На платформе теснились пассажиры, громыхали багажные тележки, носильщики торопливо загружали багаж в вагоны. Никому до нас не было дела.

— Может быть, это хорошо — пятилетки, — сказала я, покраснев. Я вспомнила, Жано мне рассказывал об успешном завершении первой пятилетки и о грандиозных планах второй.

— Ну-ну, дай вам господь, — хмыкнул Девятников.

— И вам. Вам тоже, Степан Гаврилович. — Костров скосился на него. В уголках глаз собрались морщинки.

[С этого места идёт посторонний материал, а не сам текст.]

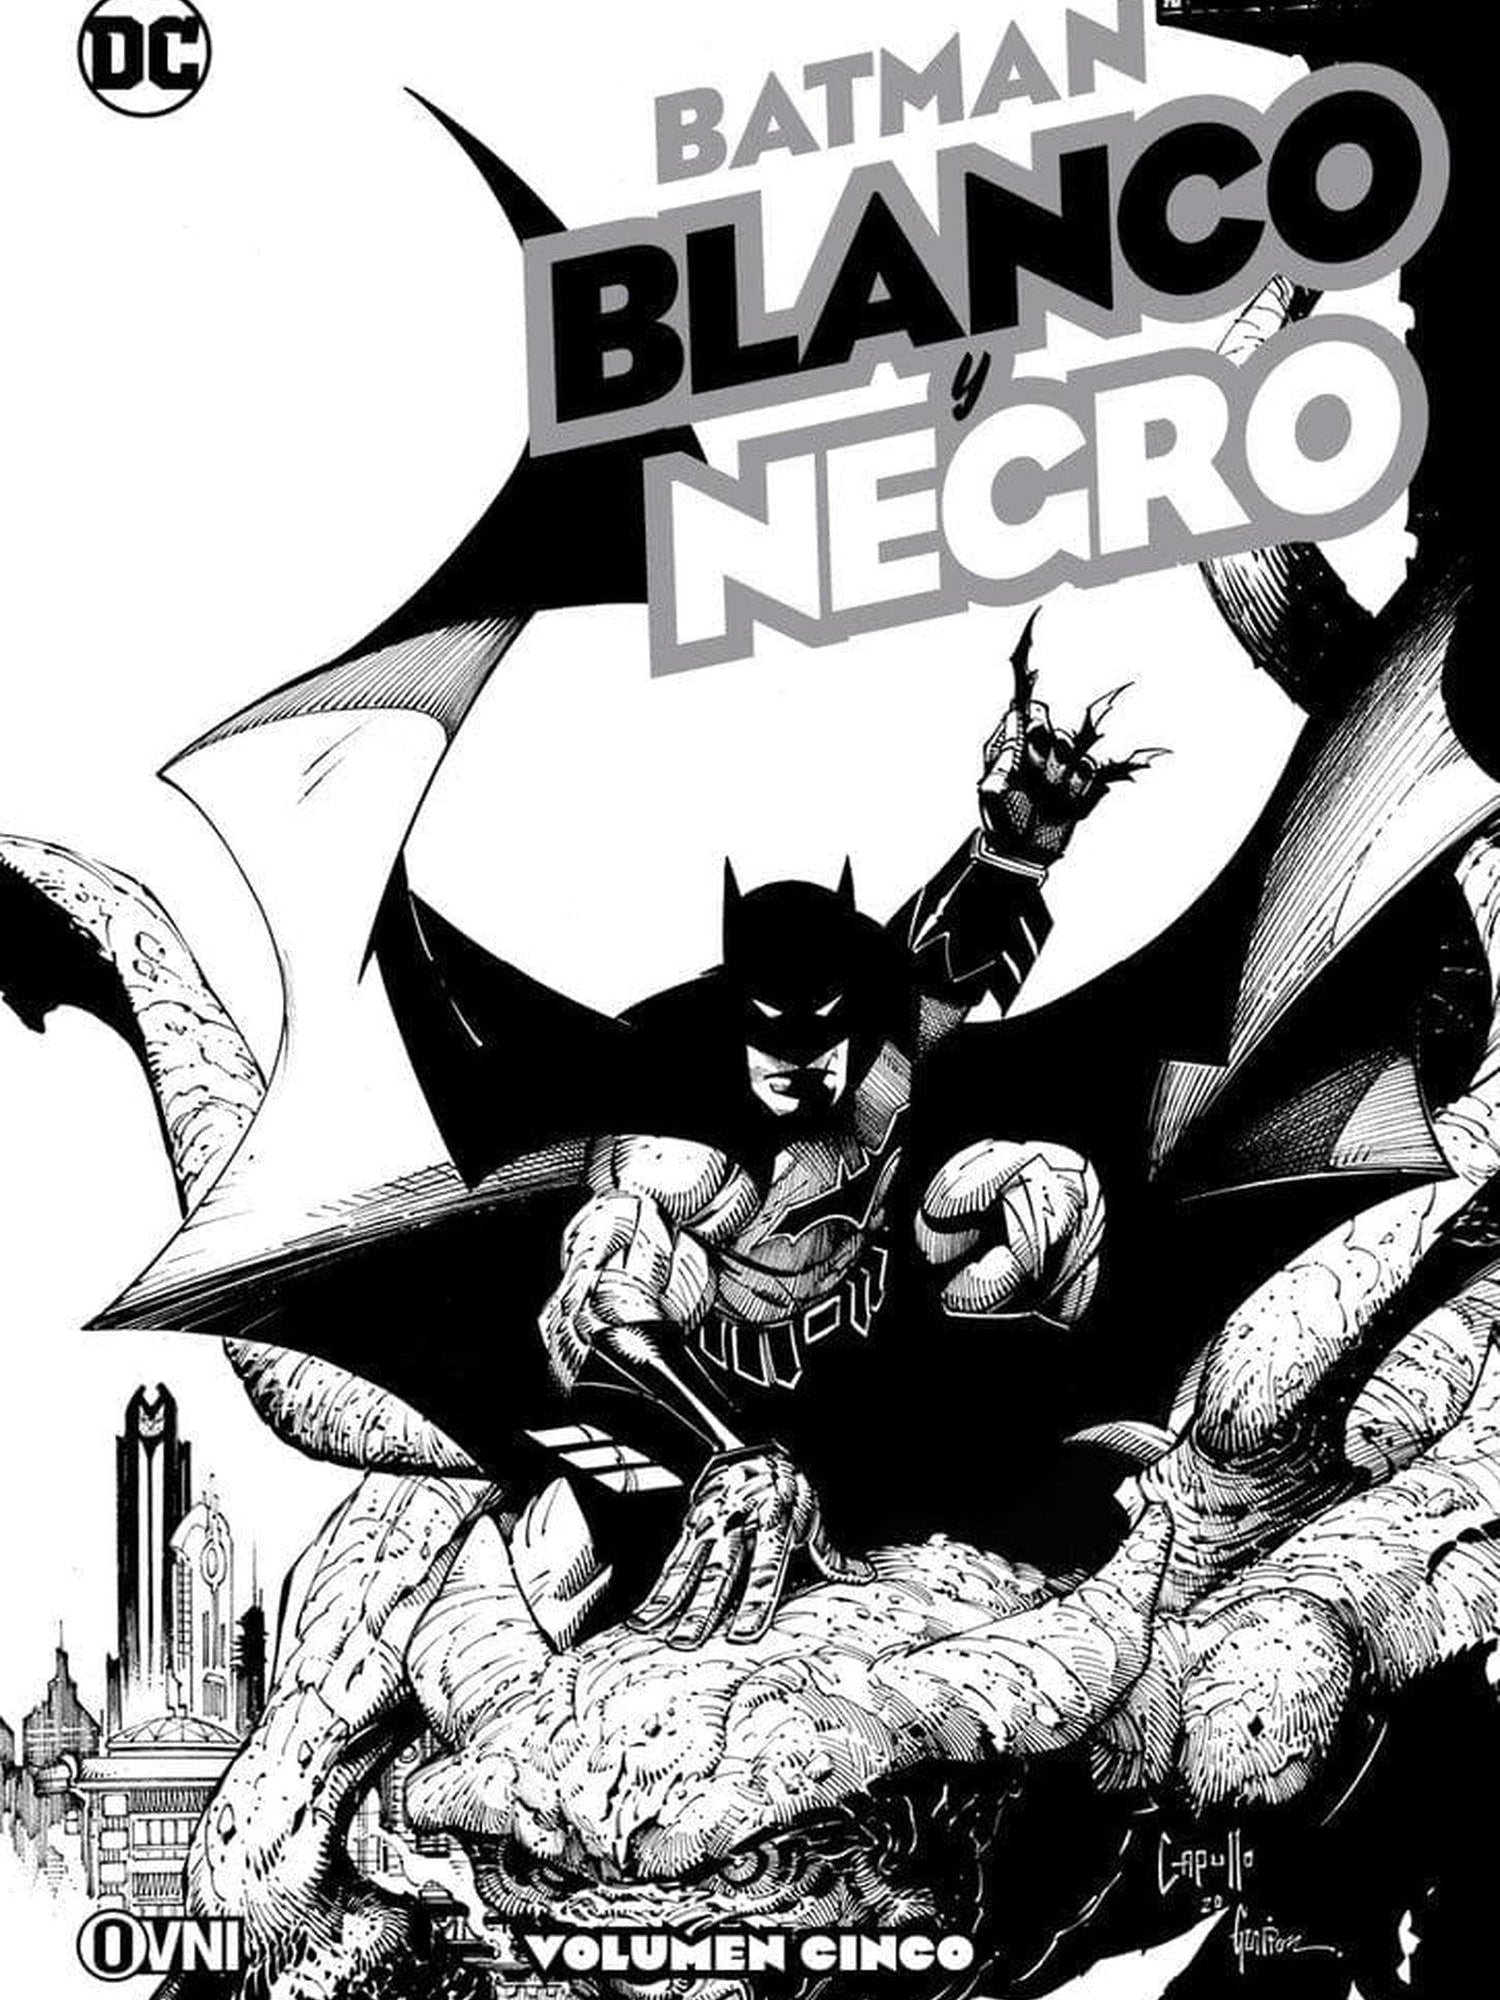 Batman: Blanco y Negro Vol. Cinco

Я вглядывалась в него. Вот он какой, Костров. Какой у него густой, красивый голос. И как мягко, но твердо он ставит на место Девятникова. Костров — коммунист, а Девятников — бывший белогвардеец. Про Девятникова я знала от Таси.

— Ну, не будем ссориться, Степан Гаврилович, — сказала Тася. Она просительно посмотрела на него. Неловкость сразу исчезла.

Раздался долгий свисток.

Тася опять соскочила с подножки. Всё вдруг засуетилось, забегало. Из вагона посыпали провожающие.